Le marquis chancela d’abord, puis il saisit sa femme dans ses bras : — Vous serez obéie, dit-il, nous partirons ce soir.


Un jour, la maison de l’aïeule de Violante, à la montagne, s’est rouverte, les maîtres y venaient passer un été. Le bruit de leur arrivée se répandit bientôt jusque dans la ville, et toute la montagne s’arrangea pour voir au passage la fille de ce petit avocat Lescalopier, qui était devenue marquise. M. et Mme de Croix-de-Vie revenaient alors d’un long voyage ; ils menaient avec eux leur premier-né, âgé de deux ans ; ils n’étaient accompagnés que de quelques femmes et d’un seul valet ; mais quel valet !

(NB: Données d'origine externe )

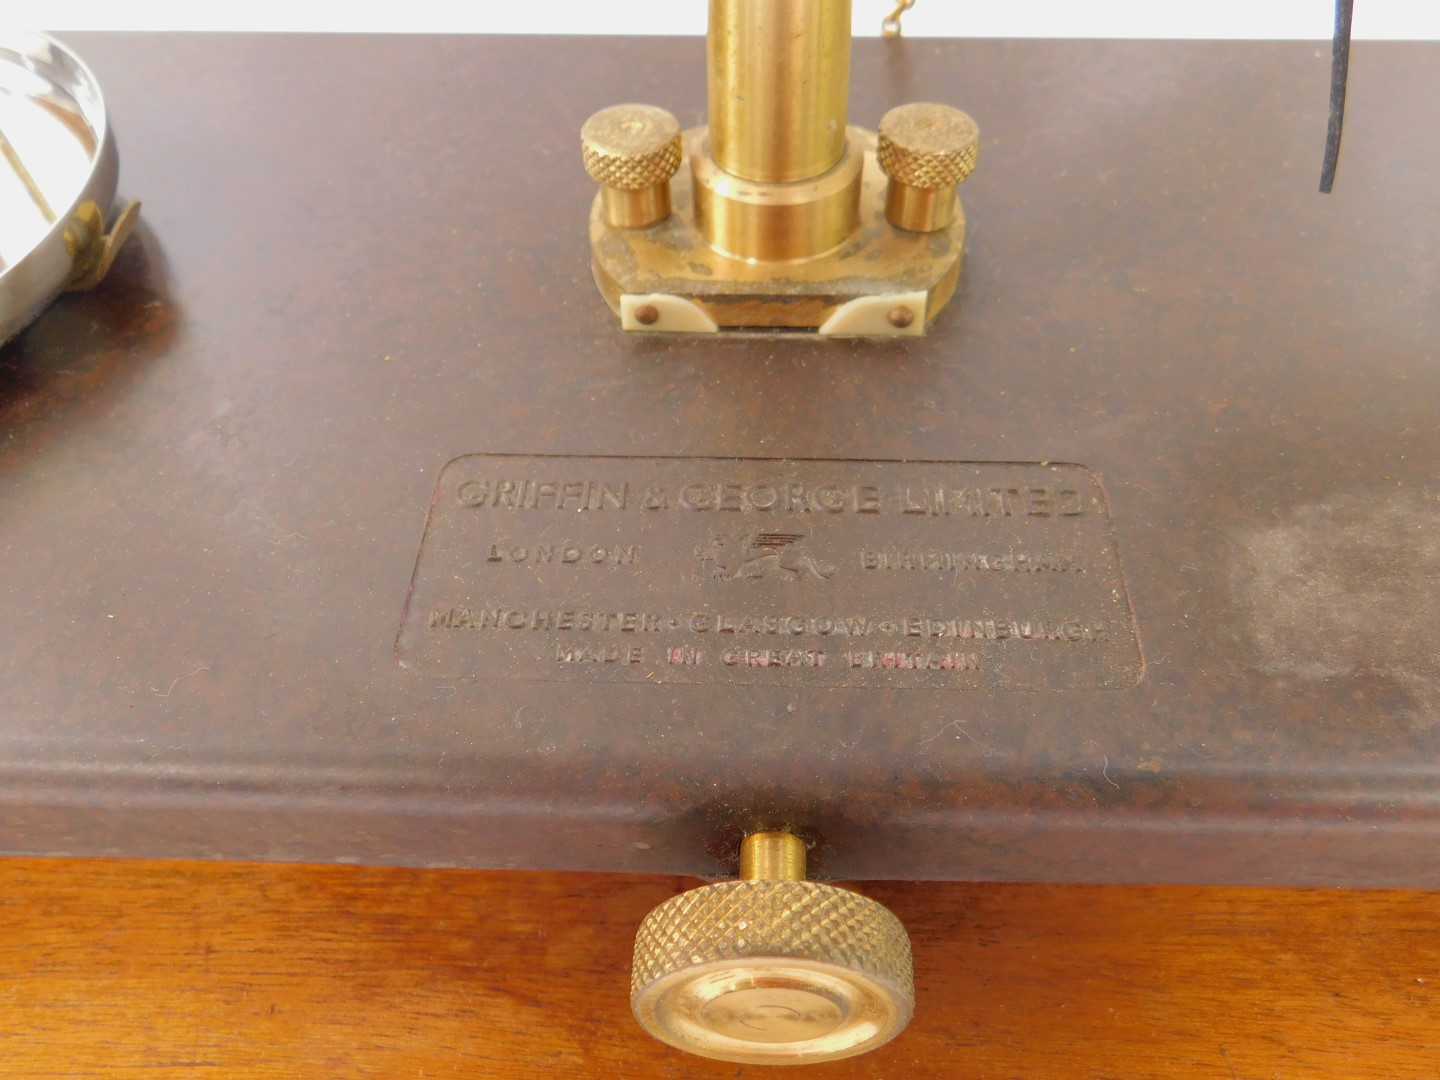 A set of early 20thC Griffin & George Ltd chain driven pharmacy scales, Regd no.830303, brass - Image 3 of 3

Petit, trapu, avec des membres énormes et une face plus sombre qu’un ciel de décembre, il faisait reculer d’effroi dans les chemins les montagnards hauts de six pieds. Jamais il ne parlait à personne. Chesnel, c’était lui, morne comme un exilé, regrettait durement la futaie, les fossés pleins de morts, et les chauds souvenirs des anciens combats, et le vent de la mer rendant un bruit d’armes rouillées dans les chênes ; mais il ne l’avouait point, il disait que sa patrie était attachée aux traces des Croix-de-Vie, et il suivait le marquis sans se plaindre.